Initiative helps residents ‘know their council’, regardless of language
New website offers practical information in seven foreign languages; opponents say money could have been better spent From CPR-numbers to daycare placements, from how to register a new business to leisure opportunities, many resident services are administered through Denmark’s 98...
From CPR-numbers to daycare placements, from how to register a new business to leisure opportunities, many resident services are administered through Denmark’s 98 local councils.
But for a newcomer to the country, navigating all the information can be difficult if not downright impossible, because the details about these vital services are generally found only in Danish, with limited information in English – if you’re lucky.
But thanks to a new initiative by Copenhagen Council, non-Danish speakers now have access to the trove of practical information on resident services.
The council has spent 100,000 kroner to develop the website ‘Kend Din Kommune’ (Know Your Council) a guide to resident services made available in Urdu, Arabic, Farsi, French, Bosnian, Turkish and Somali.
The council hopes the initiative will open up possibilities for all residents, regardless of their ability to read or speak Danish.
“Ethnic minority citizens can, because of language barriers and unfamiliarity with the Danish system, have difficulty navigating the council’s many services,” Jacob Eberholst, head of the council’s integration and employment administration division, told The Copenhagen Post.
“[The website] builds a bridge between the council’s services and the citizens' individual needs and ensures the best communication possible for those citizens who have difficulties with the Danish language.”
Coming at a time when the political debate around immigration has once again reached a fevered pitch, and amid calls for tougher language requirements, the initiative appears to be a fresh of breath air.
Not everyone, however, is impressed. The Danish People’s Party’s (DF) Carl Christian Ebbesen, a Copenhagen city councilor , told Urban newspaper that the council is “once again wasting money on projects that don’t integrate”.
If you make a website in the mother tongue, you don’t encourage people to learn Danish,” he told Urban. “And to only make it in seven languages discriminates against those who don’t speak those languages, so there isn’t equal access.”
Ebbesen said that the money spent on the website would have been better used by applying it to free language courses.
But for Eberholst, ‘Know Your Council’ is an important aspect of the council’s new policy of inclusion.
“This website represents the basic attitude of the new Copenhagen inclusion policy, ‘Engage in the City’”, he said. “Copenhageners must be treated equally, but not necessarily identically.
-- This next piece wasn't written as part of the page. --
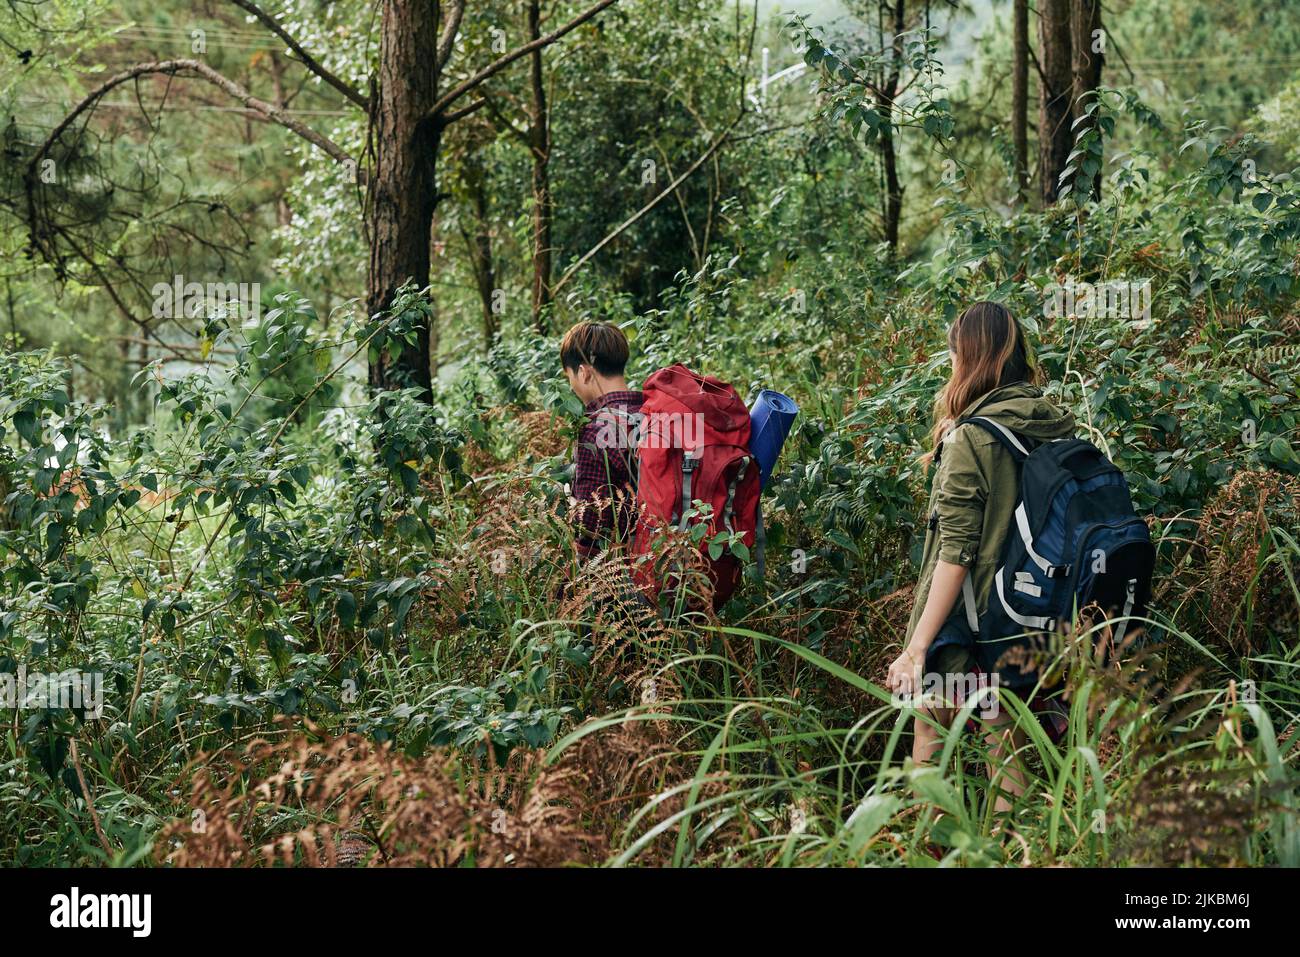 Junge Menschen mit riesigen Rucksäcken wandern gemeinsam im Wald Stockfoto

If someone needs extra help to get involved, we have to make sure they are helped.”
“[We are] often criticized for not delivering services that are tailored to a specific group of citizens or individual needs, but instead providing services to 'all' that benefit 'nobody',” he continued.
“The truth is that Copenhagen is bursting with special services, special initiatives and tailored interventions. The challenge is therefore not always new services, initiatives or interventions – it is that the council often fails to inform citizens about these services.”
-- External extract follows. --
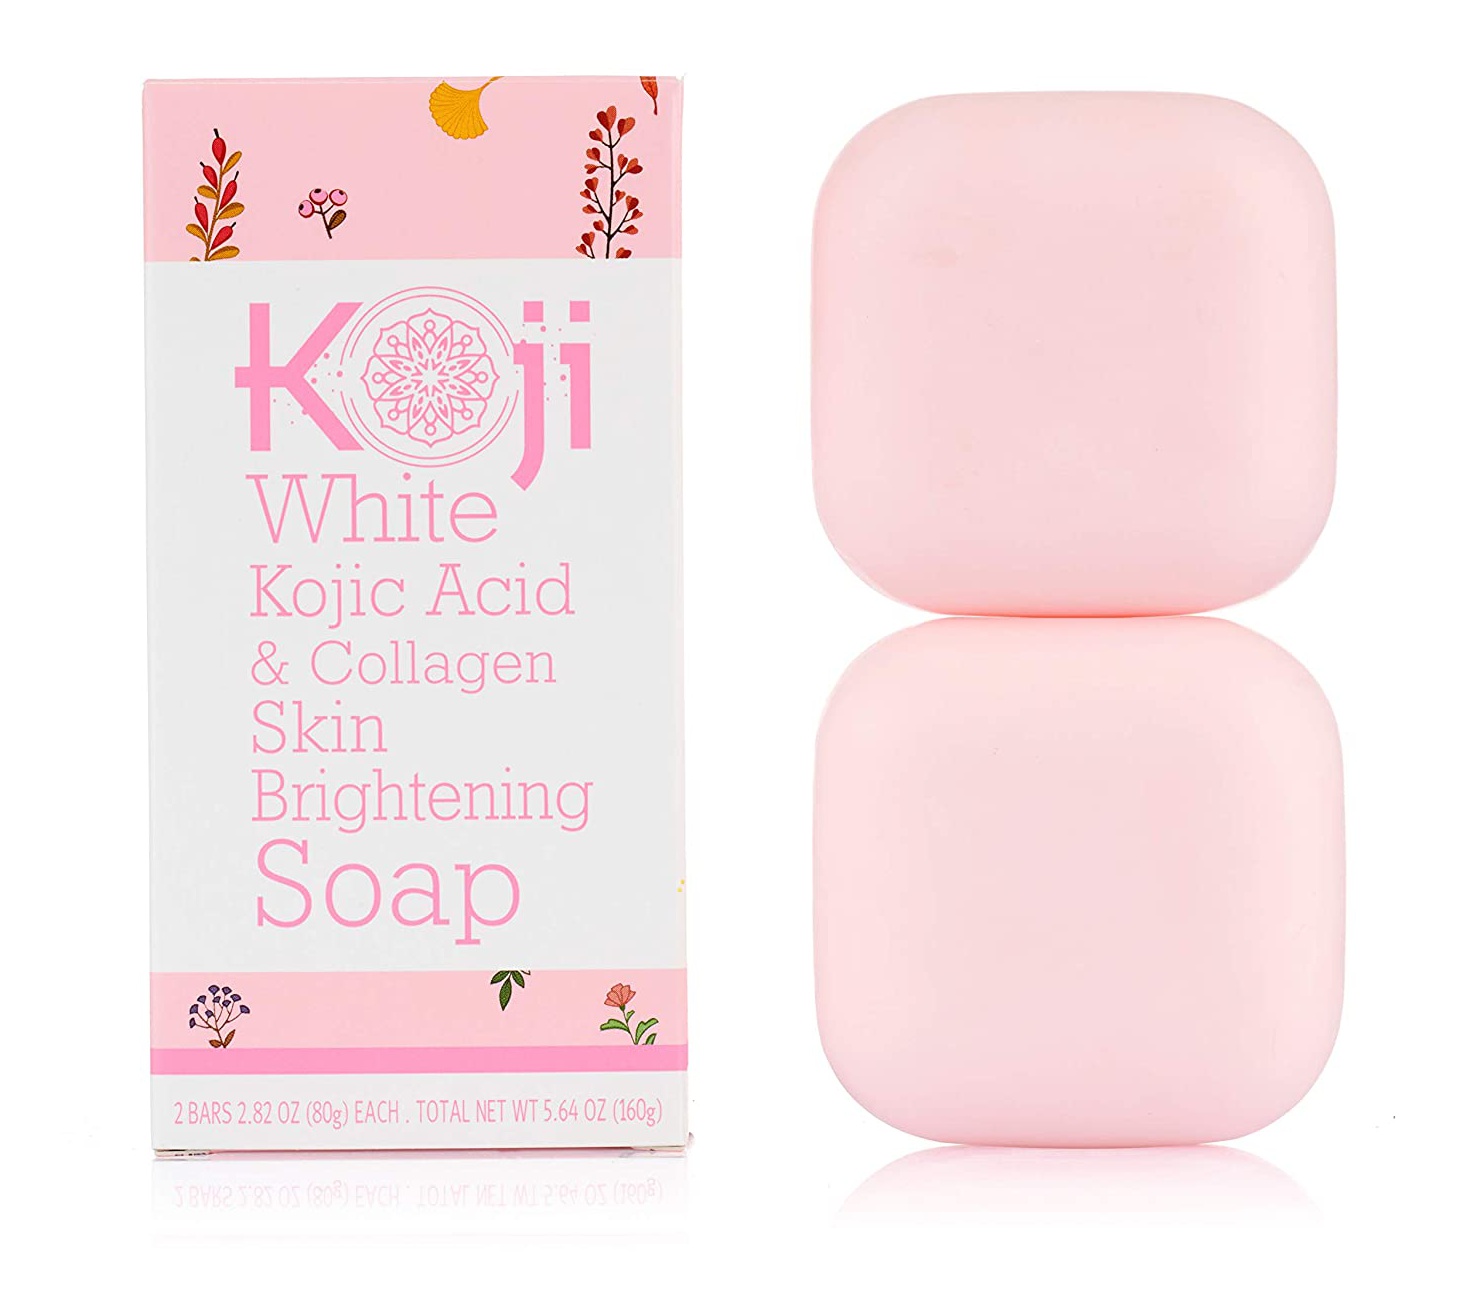 Koji White Kojic Acid & Collagen Skin Brightening Soap

While the ‘Know Your Council’ website is currently not available in English, the entirety of Copenhagen Council’s website has been translated to English. The council indicated, however, that if there was a demand for an English version of the ‘Know Your Council’ service, they would consider adding it.
“The council’s ambition is to increase opportunities for non-Danish-speaking residents - including English-speaking,” Eberholst said.